The path from the summit

It was a foregone conclusion that Thursday's health care summit would turn out to be a set piece of stagecraft in which all sides would make nice while continuing to advocate the same positions that have produced partisan gridlock over health care reform. It was, in short, a waste of time. The only benefit is that the course ahead for Democrats should now be crystal clear: agree on the bill the Senate has already passed, or modify it and send it to the president by the time-tested process of budget reconciliation.

That's the process Republicans employed 16 of the 22 times that Congress has used reconciliation since 1980 to pass major bills by a simple majority and avoid a Senate filibuster. If reconciliation was good enough for Republicans to use to pass the Reagan tax cuts and George W. Bush's deficit-financed tax cuts in 2001 and 2003, it's good enough for Democrats to use to pass vital health care reform.

Republicans have no room to gripe about the quid pro quo. The Bush/GOP tax cuts put the country $4 trillion in the hole for tax cuts that went mainly to the country's super-wealthy. The proposed health reform would cost less than $1 trillion over 10 years, and that sum would be offset by savings in the costs from changing the status-quo system that is now spiraling out of control.

It should now be evident to every observer, moreover, that the oft-repeated Republican mantra of dismantling a year's worth of work on reform and starting over with the GOP's proposed "step-by-step" approach is merely a semantic stall coined by enemies of reform and cozy allies of the current and highly lucrative health insurance industry.

As every independent health care expert has noted, reform rests on a three-legged stool: making comprehensive insurance available to all; requiring everyone to buy into the system; and subsidizing the cost for middle and lower income earners (the vast majority of working American families) to make it affordable. All legs must be put on the stool at one time; take one away, and the stool doesn't stand up.

That's why Republicans' "step-by-step" rhetoric is an empty sham and won't work: the major pieces have to come together simultaneously to make reform work.
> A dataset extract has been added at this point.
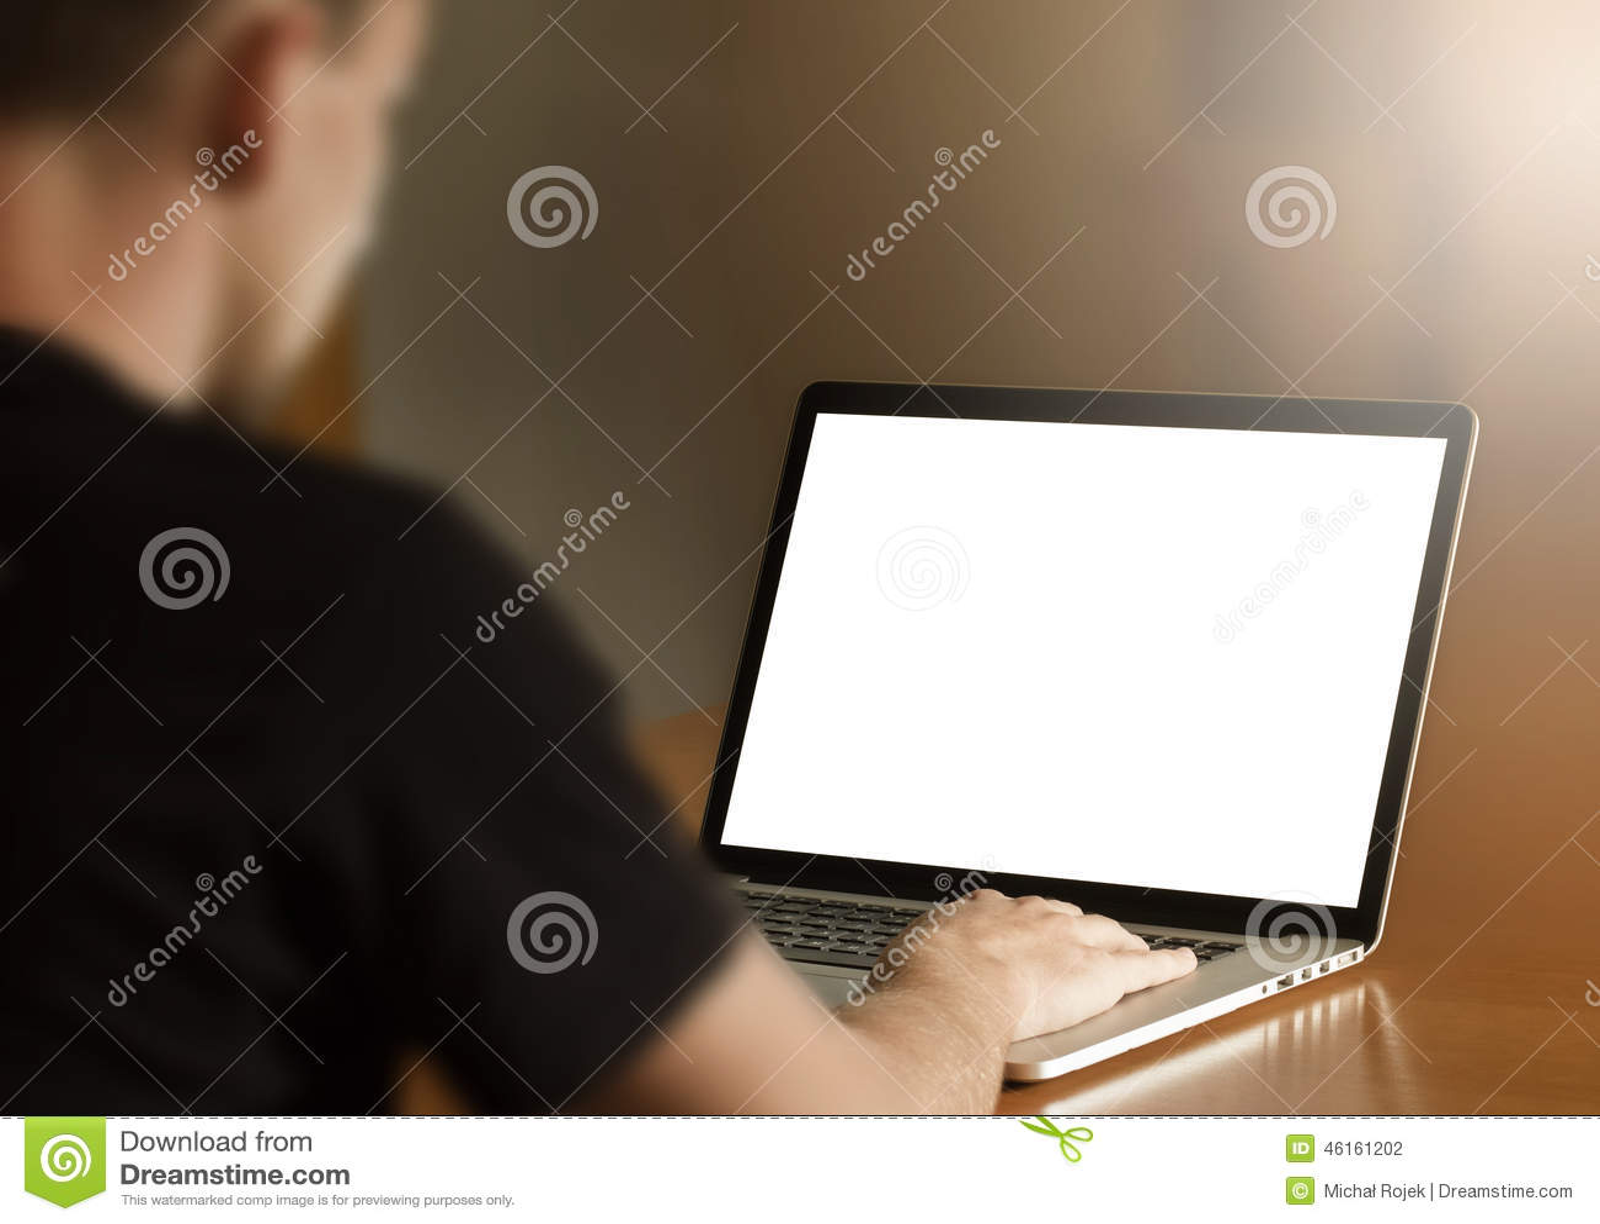 Man using notebook

A comprehensive health insurance system cannot provide coverage at affordable, level community rates unless everyone participates in paying for the system. We can't leave out 50 million Americans (the current number of uninsured) -- and millions more if current trends continue -- and provide affordable, level rates.

In addition, we also build in efficiency standards and change the fee-for-service system that encourages the over-use of the most costly tests simply to fatten fees.

This is not rocket science, though Republicans, kowtowing to their insurance industry campaign funders, would like to make it seem more complex than that.

Indeed, every other advanced industrial nation in the world provides universal care using a similarly inclusive model, and their total health care costs are 50-to-60 percent less than America's, as a percentage of their nations' gross domestic. They spend 8-to-11 percent of GDP on health care, vs. America's excessive costs, now 17.5 percent of GDP, and rising fast.

They have secure, affordable, comprehensive, universal health care and better health indices across the board than Americans, and none of our dysfunctional insecurities of medical bankruptcy, unaffordable care, or lack of comprehensive insurance. They can change jobs or become self-employed entrepreneurs without fear of losing insurance coverage or facing the fright of living with so-called pre-existing conditions that no insurer will cover.

Americans deserve similar, affordable health insurance and secure health care, even if insurance companies have to quit giving scores of executives in each of the giant insurance companies salaries of more than $1 million annually, plus more lucrative stock options.

The challenge for Democrats now is to move forward with an improved proposals that, through reconciliation, can include a public option to compete with for-profit insurers. Americans deserve nothing less.